Thanks! eBPF has been a big win for us. Once you get past the verifier constraints, it really changes how you think about observability — pushing filtering and classification into the kernel reduces noise and makes the data much more actionable.

Workflow-wise, iteration is slower at first (compile → load → fail verifier ), but once the patterns are in place it actually simplifies things a lot. The ability to run this safely in production without noticeable overhead has been the biggest impact.

Not exactly — that statement is only partly correct.

Yes, tcpdump and Wireshark do use libpcap for packet capture and filtering. libpcap compiles the familiar tcpdump filter syntax into classic BPF (cBPF) programs that run in the kernel to decide which packets should be passed up to userspace.

On newer Linux kernels, libpcap can translate those classic BPF filters into eBPF, but that’s mostly an internal optimization. From a user point of view, you’re still just writing simple packet filters, and packets are still being copied to userspace for analysis. libpcap itself is not really an eBPF framework.

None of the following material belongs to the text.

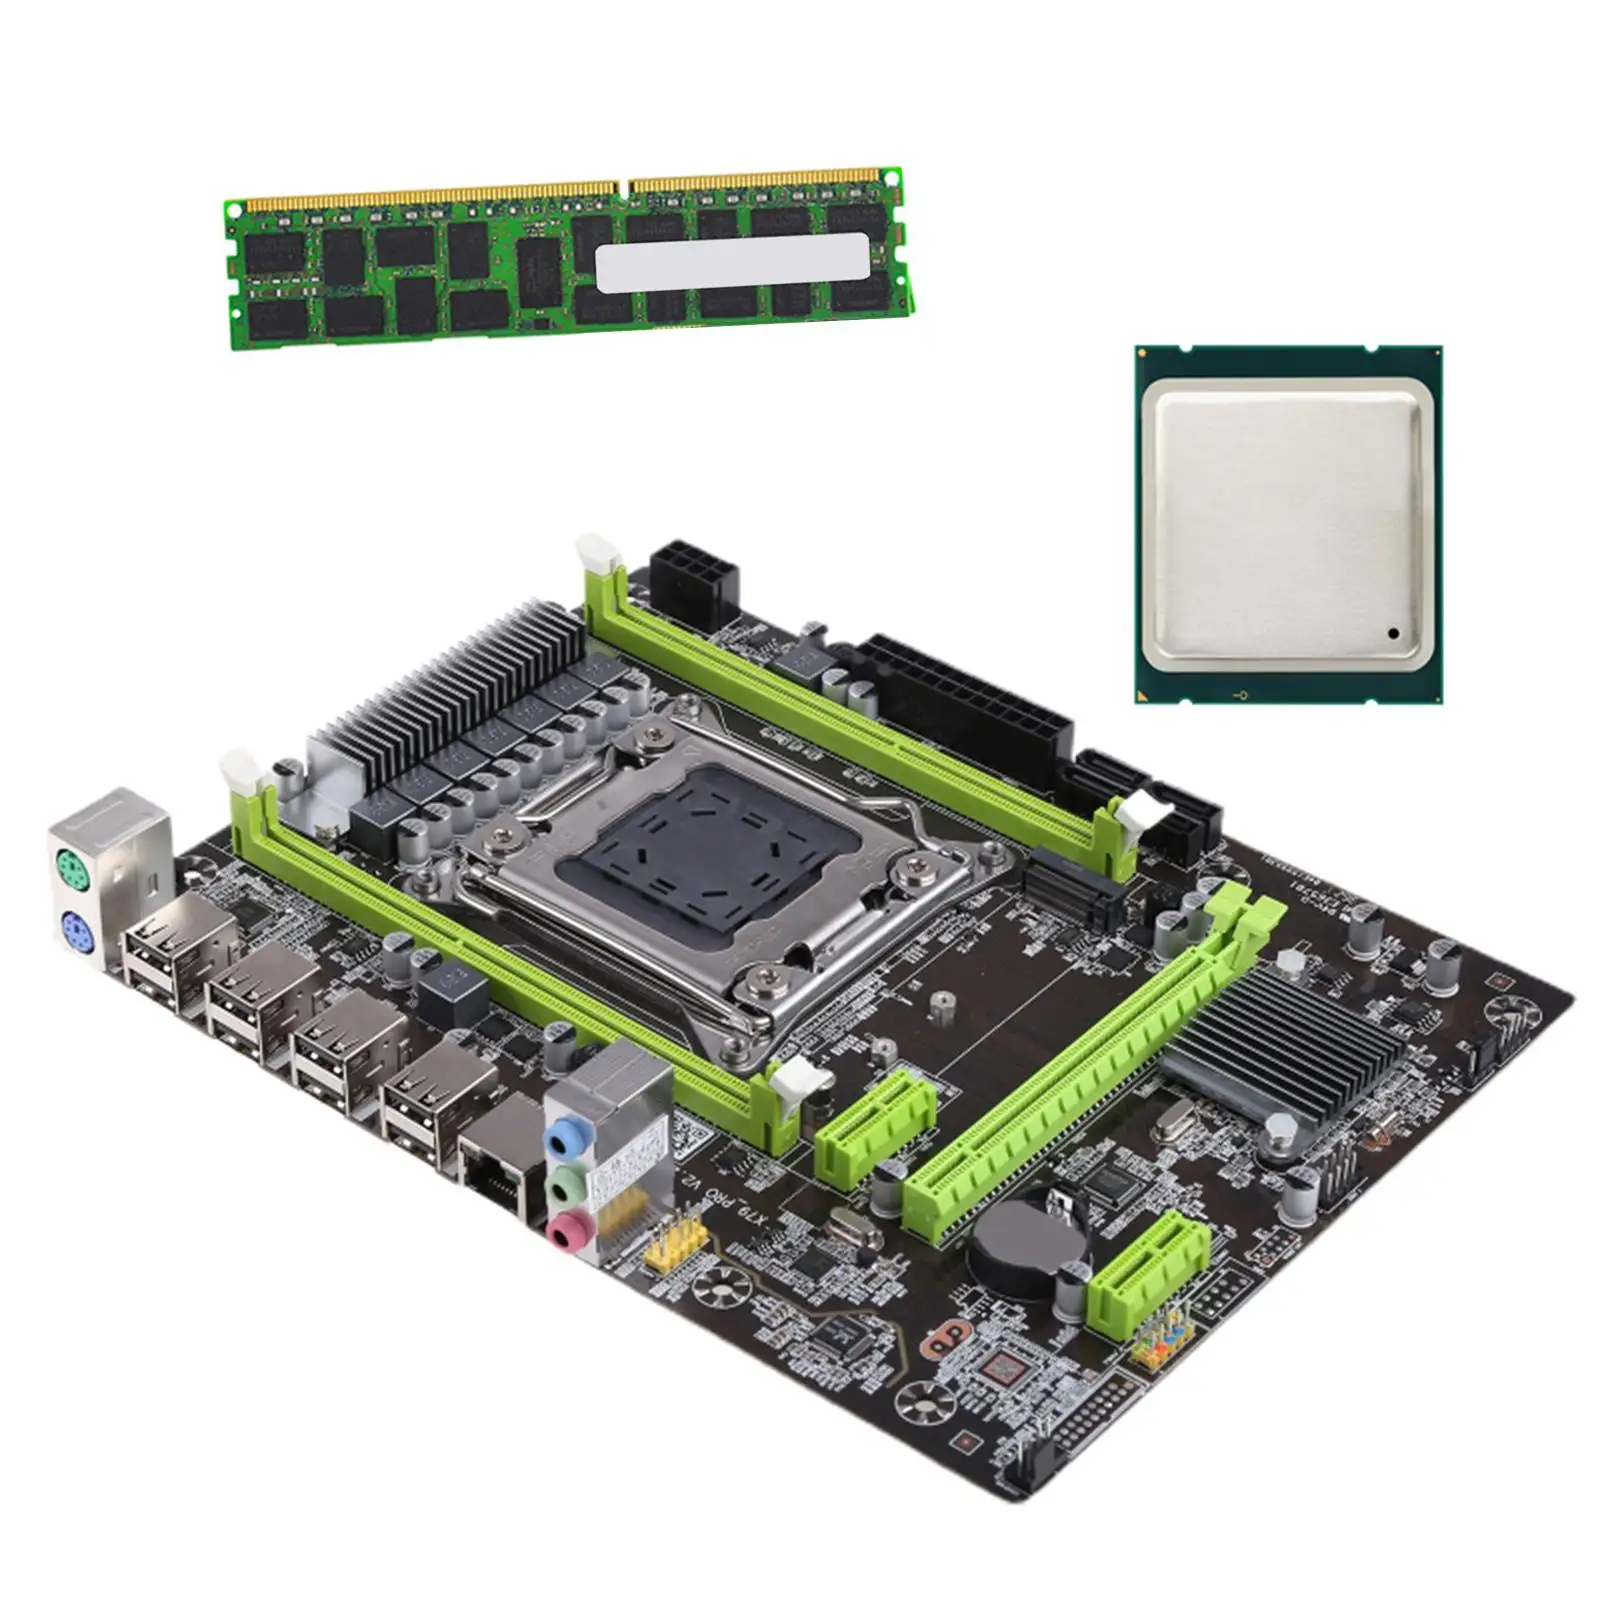 x79 Pro Motherboard Durable 16x Stable Performance 16GB Memory Capacity LGA 2011 4x SATA2.0 for E5-2640 E5-2650 E5-2670 E5-2660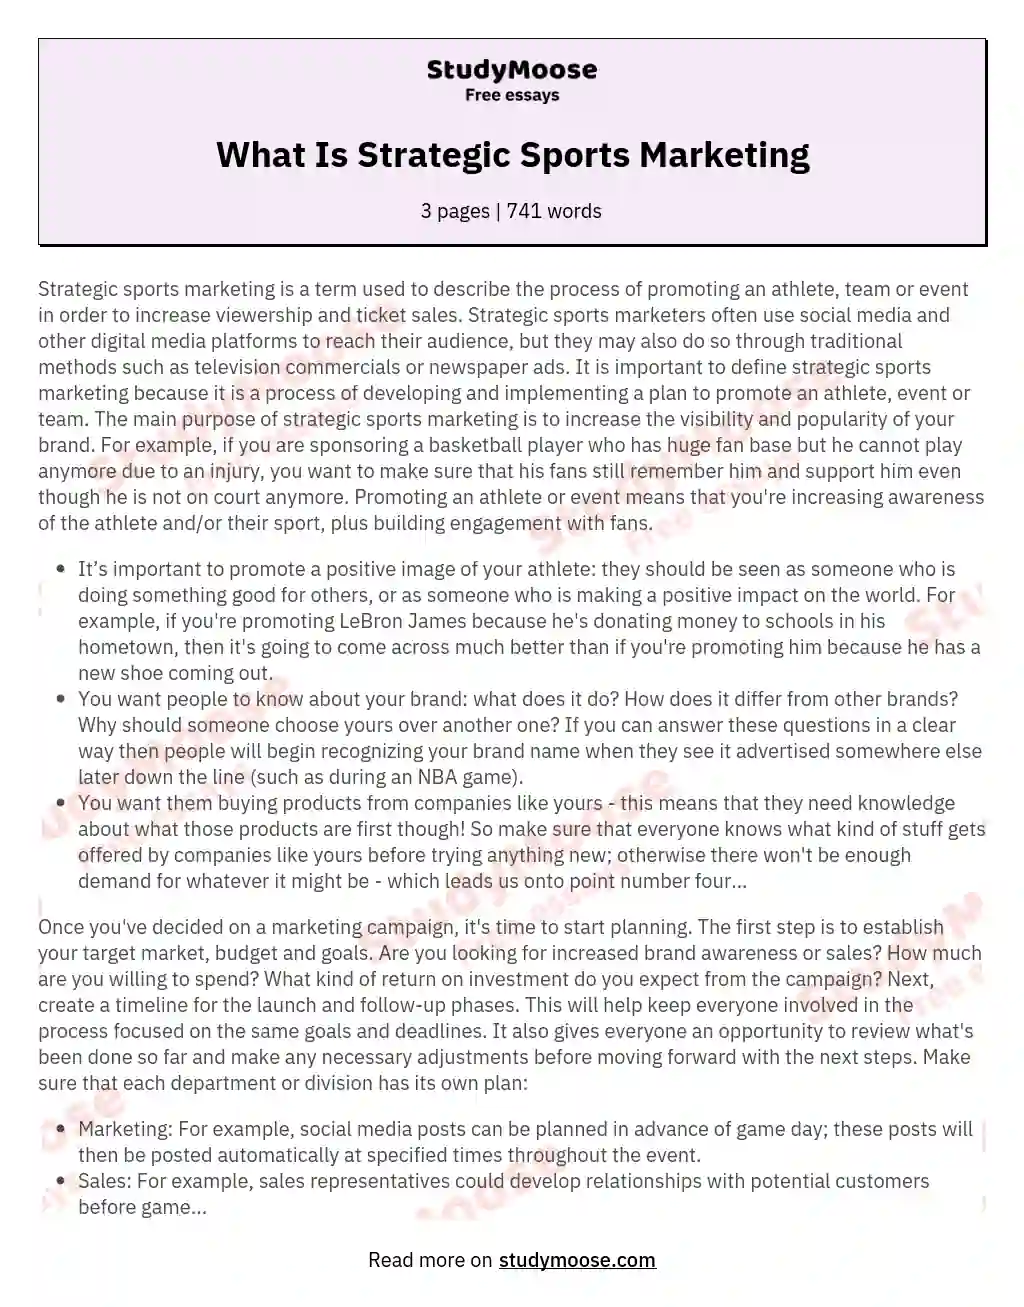 What Is Strategic Sports Marketing essay

That’s where Cerberus is different.

Cerberus uses native eBPF programs directly, not just for filtering packets, but for running logic inside the kernel. Instead of copying packets out and decoding them later, it works with structured kernel events and can correlate network activity with processes, syscalls, and security context. In many cases it can even act or block things in real time.

So while tcpdump/Wireshark are great for debugging and traffic inspection, they’re fundamentally packet sniffers. Cerberus is more of an in-kernel observability and security system, built on eBPF as a programmable platform rather than just a fast filter.

In short: tcpdump uses BPF to filter packets. Cerberus uses eBPF to run logic.

Hope that helps clear it up

Yes — Sysdig/csysdig are great tools and I’ve used them before. They’re excellent for syscall-level visibility and host/container forensics.

Cerberus targets a different layer: always-on, low-overhead network classification in CNI environments. It attaches at TC, limits L7 inspection intentionally, and focuses on predictable performance rather than rich event streams.

They’re complementary rather than competing tools.